History of Biofeedback Therapy & Interesting Facts
Biofeedback has been in clinical use since at least the 1970s, and originated out of HArvard in 1908 to help improve self-control of physiological functions. Biofeedback machines have come a long way, but for at least four decades, biofeedback learning has focused on tracking brainwaves, muscle tension, temperature, sleep and the cardiovascular system.
The National Institute of Complementary and Alternative Medicine considers biofeedback to be an effective mind–body therapy. Surveys now show that in the U.S alone, approximately 58 percent of adults and 19 percent of children are using some form of alternative therapy that draws on principles of biofeedback training. For example, meditation training, yoga, self-imagery practices and deep breathing exercises all include elements of learning through feedback and reinforcement.
Biofeedback vs. Neurofeedback
- Neurofeedback is one specific type of biofeedback therapy. In fact, in the U.S, it’s currently the most widely available and popular form of biofeedback training. We offer a patented and advanced form of Neurofeedback here at Tucson BIofeedback. Learn More about Neurofeedback
- Electroencephalography (EEG) feedback is another way to refer to “neurofeedback.” Neurofeedback is basically a type of biofeedback that measures brain waves (electrical brain activity) using electrodes on the head.

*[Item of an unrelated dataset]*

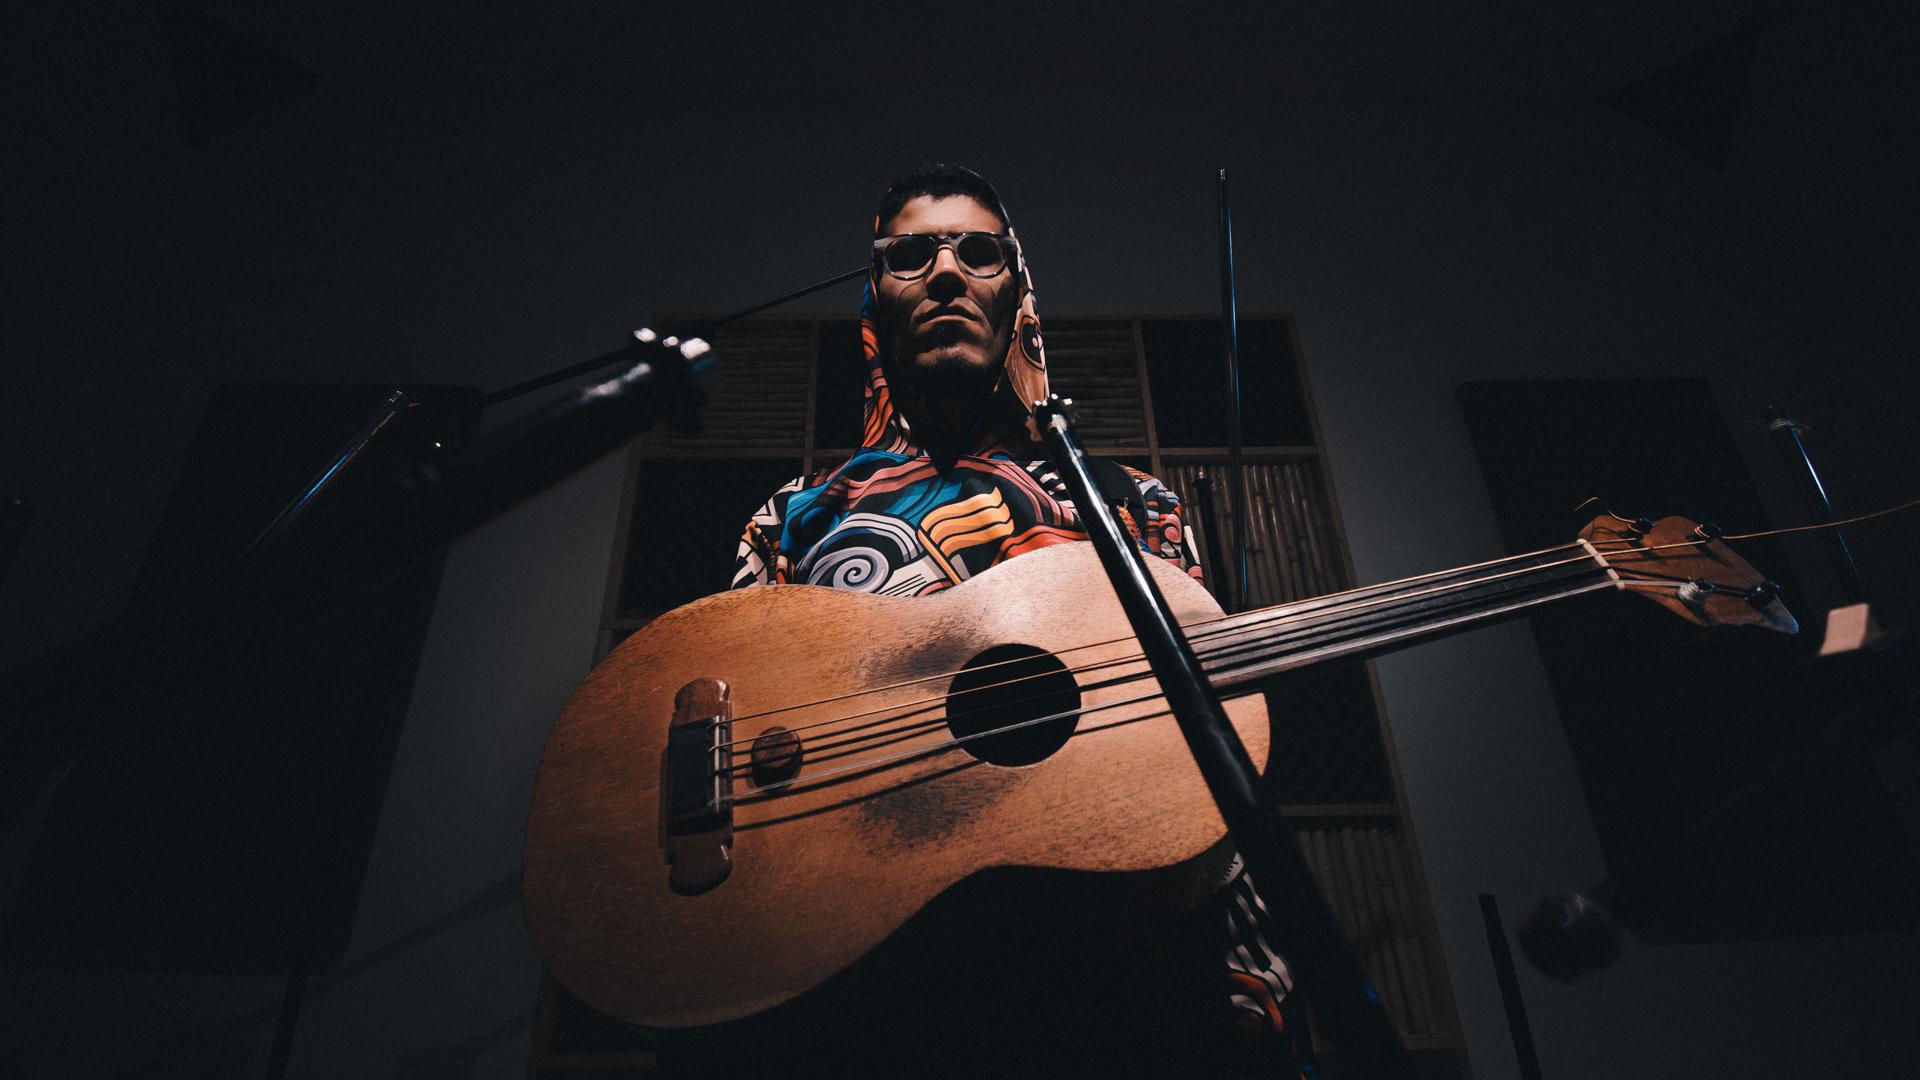 Vico Diaz

- A key principle of neurofeedback is that electrical “oscillations” (such as theta waves or beta waves) influence awareness, arousal and ability to function — and that dysfunctional activities in certain key regions of the brain correlate with mental disorders.
- Like other forms of biofeedback, neurofeedback addresses problems that are made worse from stress and brain deregulation. These include: anxiety-depression spectrum disorders, attention deficits and behavioral disorders, sleep disorders, headaches and migraines, PMS and emotional disturbances.